Quant à « islamophobie », mot qui signifie littéralement « peur de l’islam », il a été forgé récemment, sur le modèle de « xénophobie », pour donner aux musulmans le pendant d' »antisémitisme », auquel Pierre-Anré Tagieff (1) propose de substituer le mot « judéophobie », afin d’éviter le reproche de mélanger sens étymologique (le rejet des sémites) et sens sémantique (le rejet des juifs). Le mot islamophobie, qui connaît une faveur grandissante, n’exclut pas un usage polémique. Il peut également servir à (dis)qualifier toute question dérangeante sur les aspects controversés de l’islam (statut de la femme, port du foulard, rejet des homosexuels, respect des minorités, etc.), sans rendre compte de la nature sociale, économique et politique des discriminations que subissent les populations arabo-musulmanes immigrées.

Bref, rien n’est simple ni innocent dans l’emploi des mots. Outre le colloque qu’il se propose d’organiser, en octobre prochain, sur les notions et réalités de l' »antisémitisme » et de l' »islamophobie », le Centre pour l’égalité des chances et la lutte contre le racisme va publier sur son site Internet (www.antiracisme.be) un fichier lexical présentant l’histoire et l’usage des mots qui fâchent. Histoire de comprendre comment fonctionne un stéréotype . « On ne peut pas arriver, prévient Christian Denys, artisan de ce fichier, à un lexique qui soit une vérité absolue. Comme dans cette  » figure ambiguë » où l’on peut voir simultanément une jeune et une vieille femme, chaque mot a des résonances particulières suivant les locuteurs et le contexte de leur énonciation. On a tous un dictionnaire portatif dans la tête. »Et les mots évoluent dans le temps. Trois pages, au moins, ont été nécessaires, dans le Vocabulaire historique et critique des relations interethniques (2), pour épuiser tous les sens du mot « sionisme ».
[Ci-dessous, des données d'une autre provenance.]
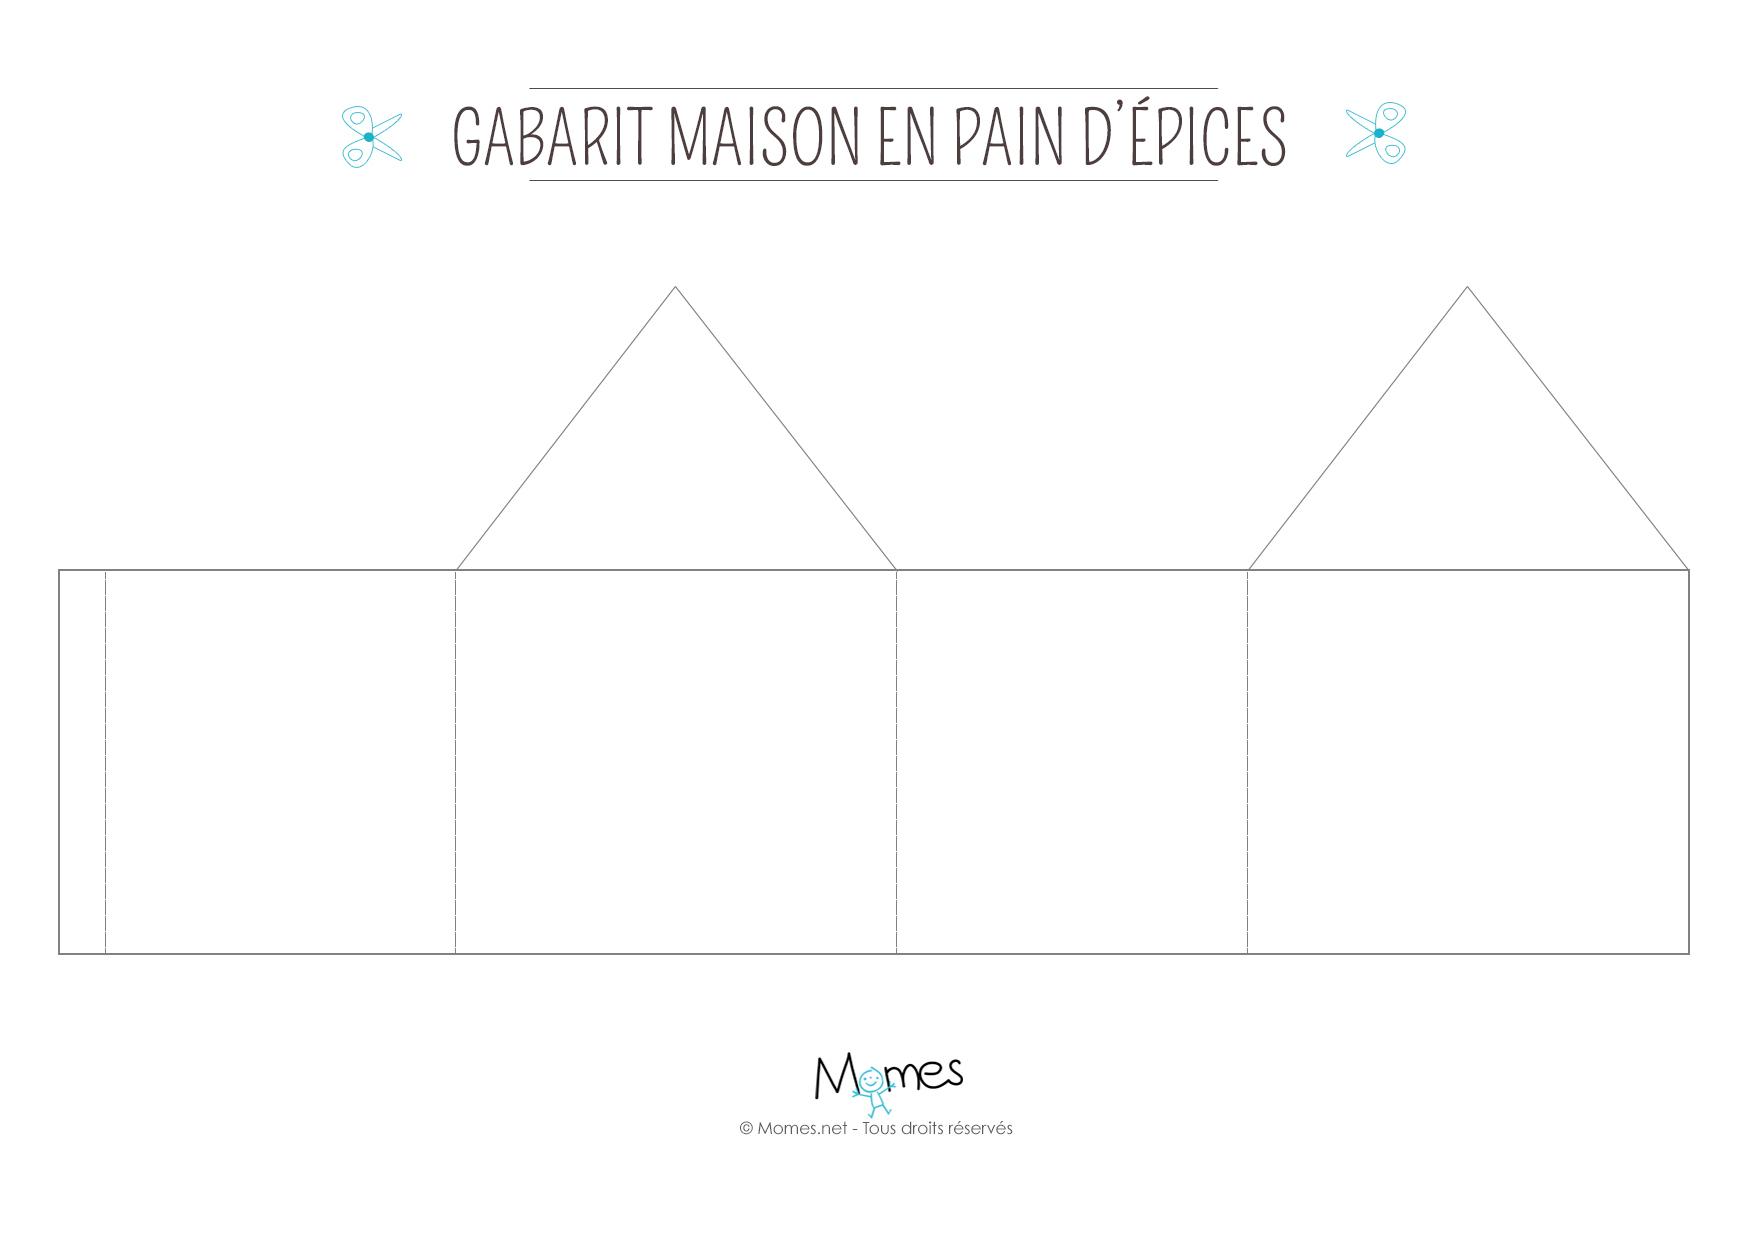 Fabriquer Une Maison De Pain D'épices En Carton - Momes destiné Patron De Maison En Papier A Imprimer

S’exercer avec prudence à la qualification des choses serait un bon début. « Ne pas ajouter aux maux de la violence les mots qui génèrent de la violence »: la formule est jolie et pourrait s’appliquer à la logomachie que nourrit l’usage immodéré des anathèmes. « Pour autant, précise le formateur, on ne peut pas se contenter de faire de l’érudition sémantique . Il faut que les utilisateurs se mettent plus ou moins d’accord sur la valeur d’usage d’un mot, sachant qu’il est toujours relatif, partiel, donc, partial par rapport à la réalité qu’il désigne. » Tétanisés par la peur de mal dire, beaucoup d’enseignants n’osent aborder au cours ce que tous les responsables politiques les pressent d’expliquer à leurs élèves: les racines de l’intolérance et la manière d’y résister. La « parole sécurisée » du Centre pour l’égalité des chances, qui ne se veut surtout pas le label d’un langage éthiquement ou politiquement correct, pourra peut-être les y aider. Avec humilité. « Une légende hassidique, raconte Christian Denys, évoque ce juif pieux qui, ne sachant lire les prières pour le jour du Kippour sortit de la synagogue et, à même la rue, cria chaque lettre, demandant à Dieu de les ordonner à sa guise. Les lettres montèrent au ciel et la prière plut à Dieu. »

(1) La Nouvelle judéophobie, Editions Mille et Une Nuits, 2002.

(2) Revue Pluriel-recherches, 1993-2000, éditions l’Harmattan, Paris.